At no time was this more in evidence than in an opening session designed to meet a small segment of the people there. The instructions were simple enough--tell us your name, where you're from, and what you're doing at such-and-such seminary today. Ok, um, well....the name and where I'm from part came simply enough, and then I followed with an oblique mention of my current seminary courses, exploring my options for the future, etc. How to explain the lifelong monologue (no room for dialogue on this one--I haven't been terribly interested in listening!) with God about my willingness to do anything--anything at all--except this? And what of the Maundy Thursday service when I looked up at the pastors I love and was struck at the privilege of their role? And that moment at the Black Nativity as the choir belted out "Go Tell It On the Mountain," and my questioning, "help my unbelief" self suddenly rose up inside me and simply said, "The world needs Jesus." (Somehow this same self knew then she has a role in bringing him back into the world.) And then there are the images of bread--the realization that serving people at the communion table....facilitating their service to one another...is perhaps the one place where I can offer authentic hope and transformation to a hurting world. I could go on and on. But in that moment, a simple "exploring my options" had to do.

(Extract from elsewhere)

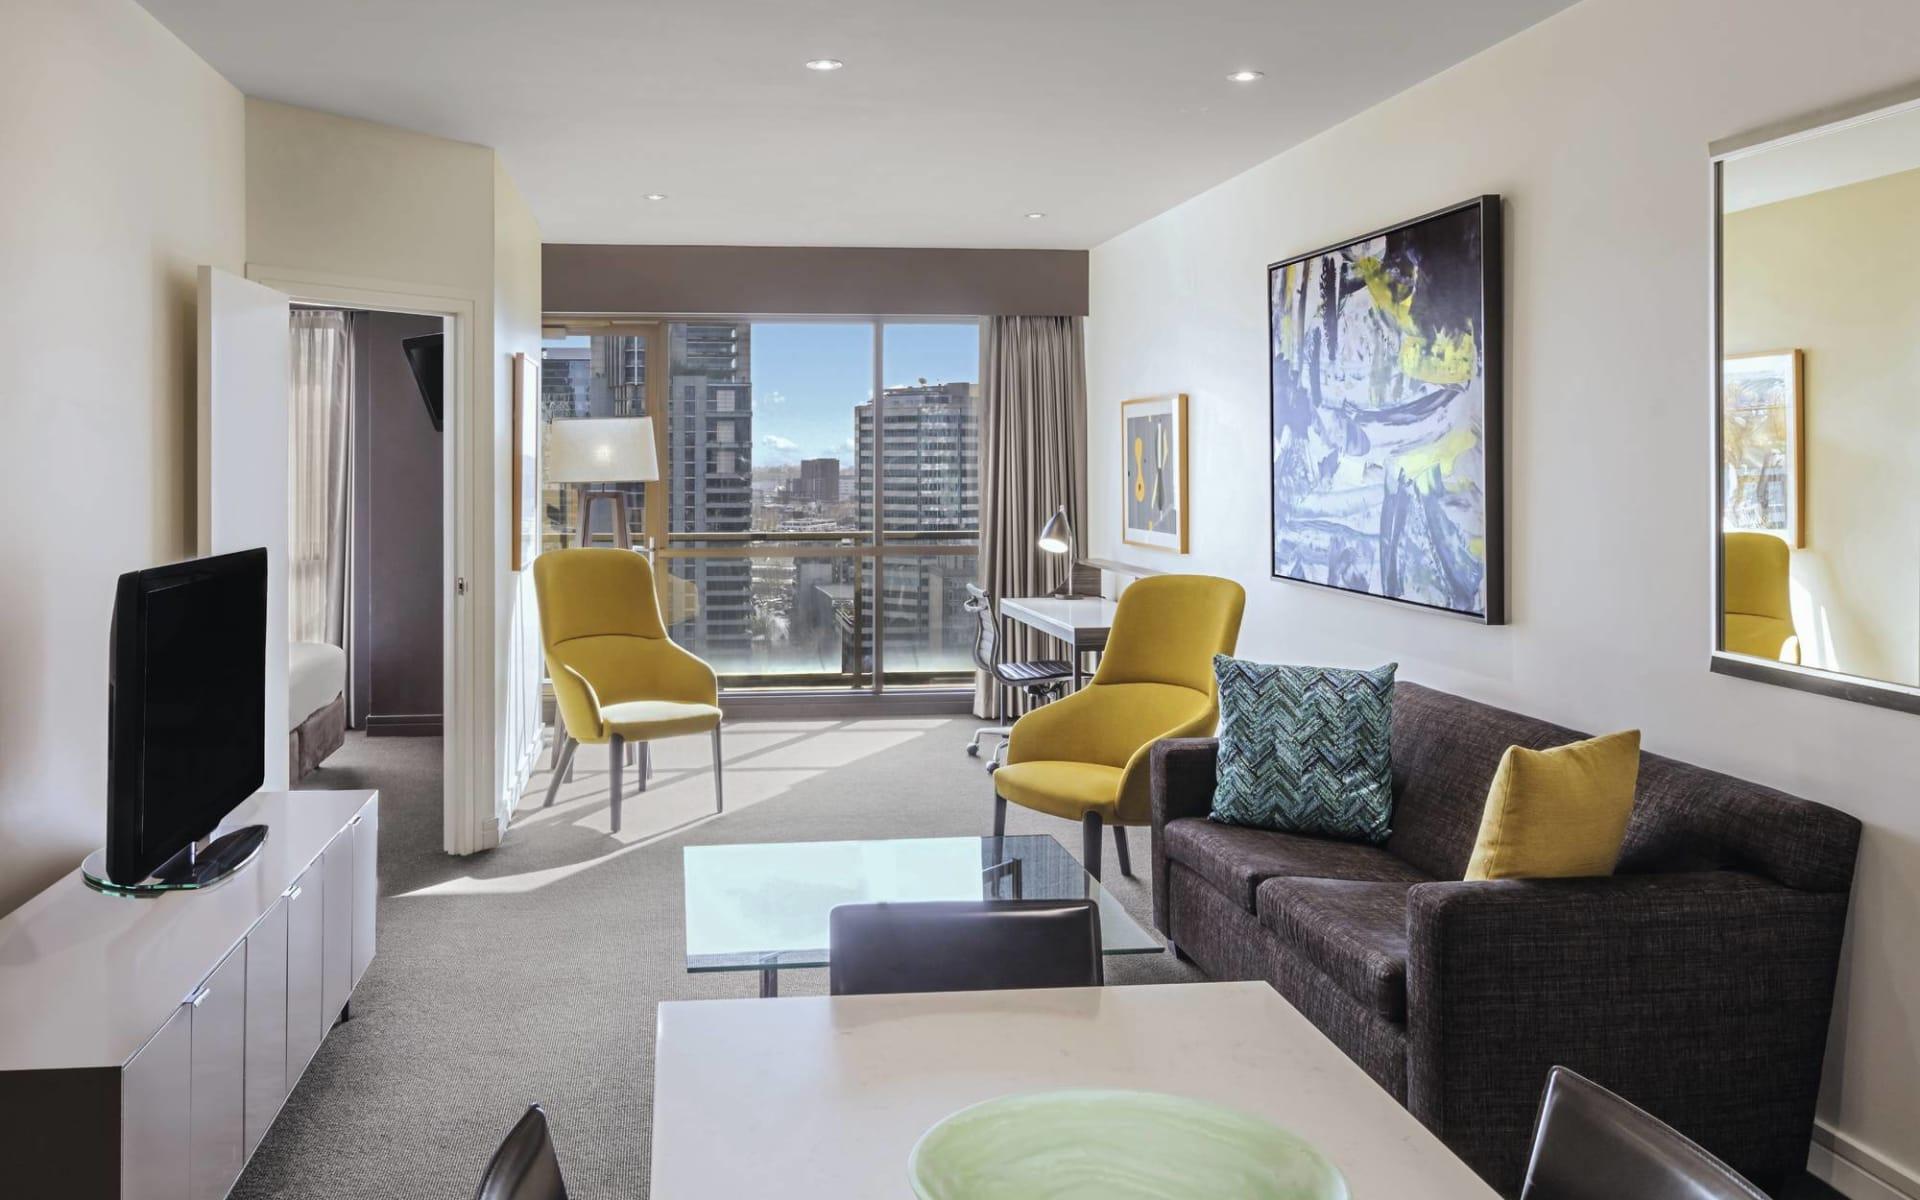 Adina Apartment Hotel Melbourne: Adina Apartment Hotel Melbourne - Two Bedroom Apartment Lounge 2017
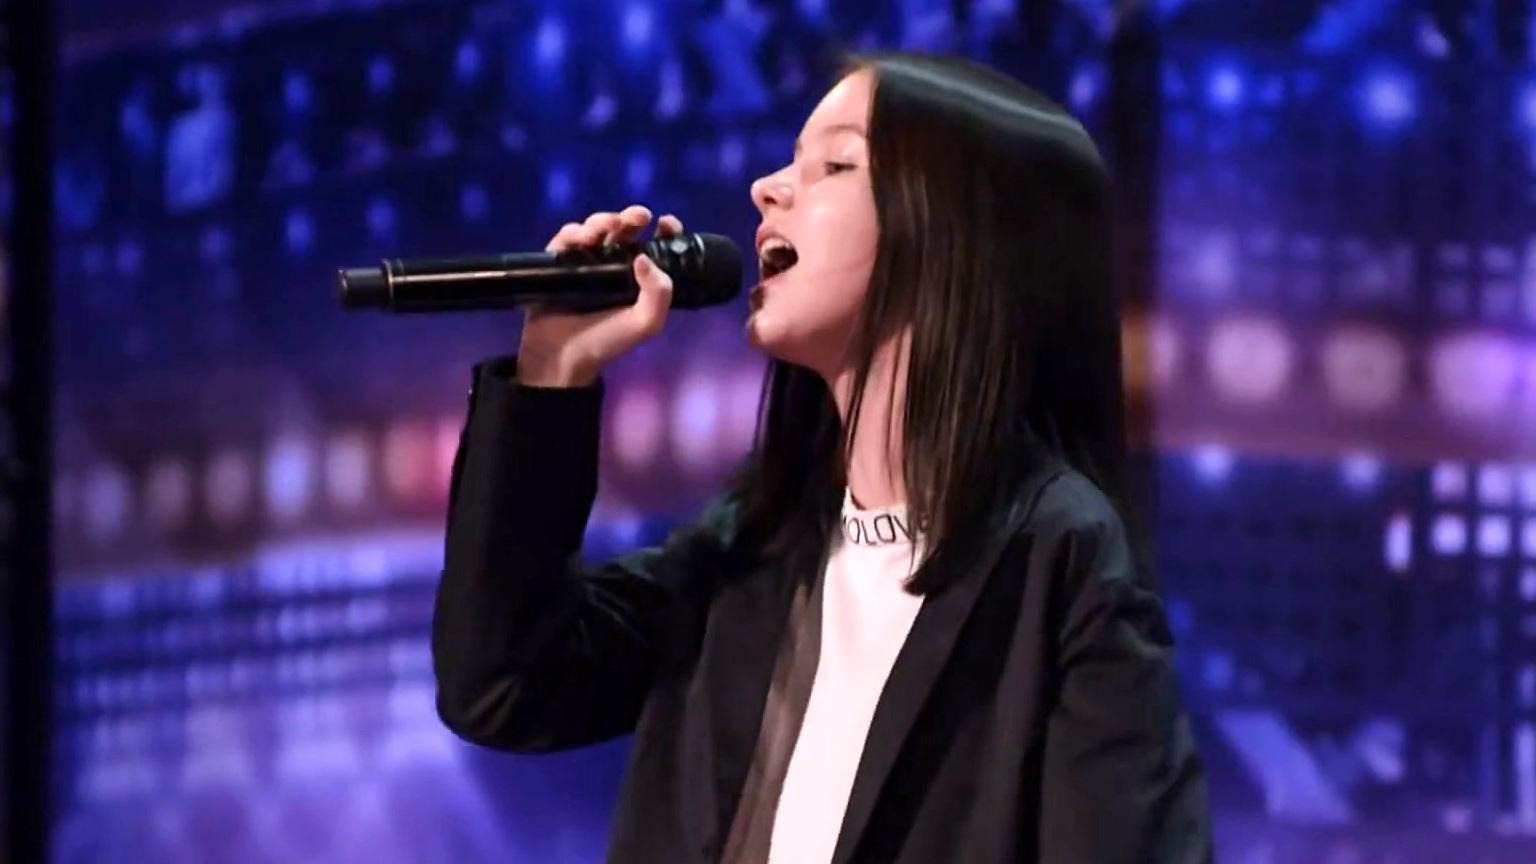 America's Got Talent: Daneliya Tuleshova And Kenadi Dodds Send Love To Their Supporters

I was struck at the tentative nature of most of our comments. If we were in another setting--a business school or perhaps law--we would have spoken affirmatively. We would have said words like, "I've always been interested in numbers," or "I believe I have gifts to enact justice." But here, the choice seemed not so much ours as God's, and how beautiful it is that we are fearful and hesitant to name God's calling with too great a degree of certainty. It's there, though, for some, and I celebrate the woman who leaned over at lunch to describe her inexplicable desire to lay prone on the altar before God, receiving ordination into service--ordination formally denied her as a practicing Roman Catholic. And of course I could share back the images of the laying on of hands, of all those called before me naming my calling and empowering me with their touch. I wonder about an inner circle of women, and then the many men encircling them....would their touch feel heavy and burdensome, or like lightning flashing through my body, electrifying the moment? But what if it isn't so? What if this isn't to be?
And so I continue to whisper....utterings of a call both known and still unknown to me, hoping that God is somewhere there in the voices.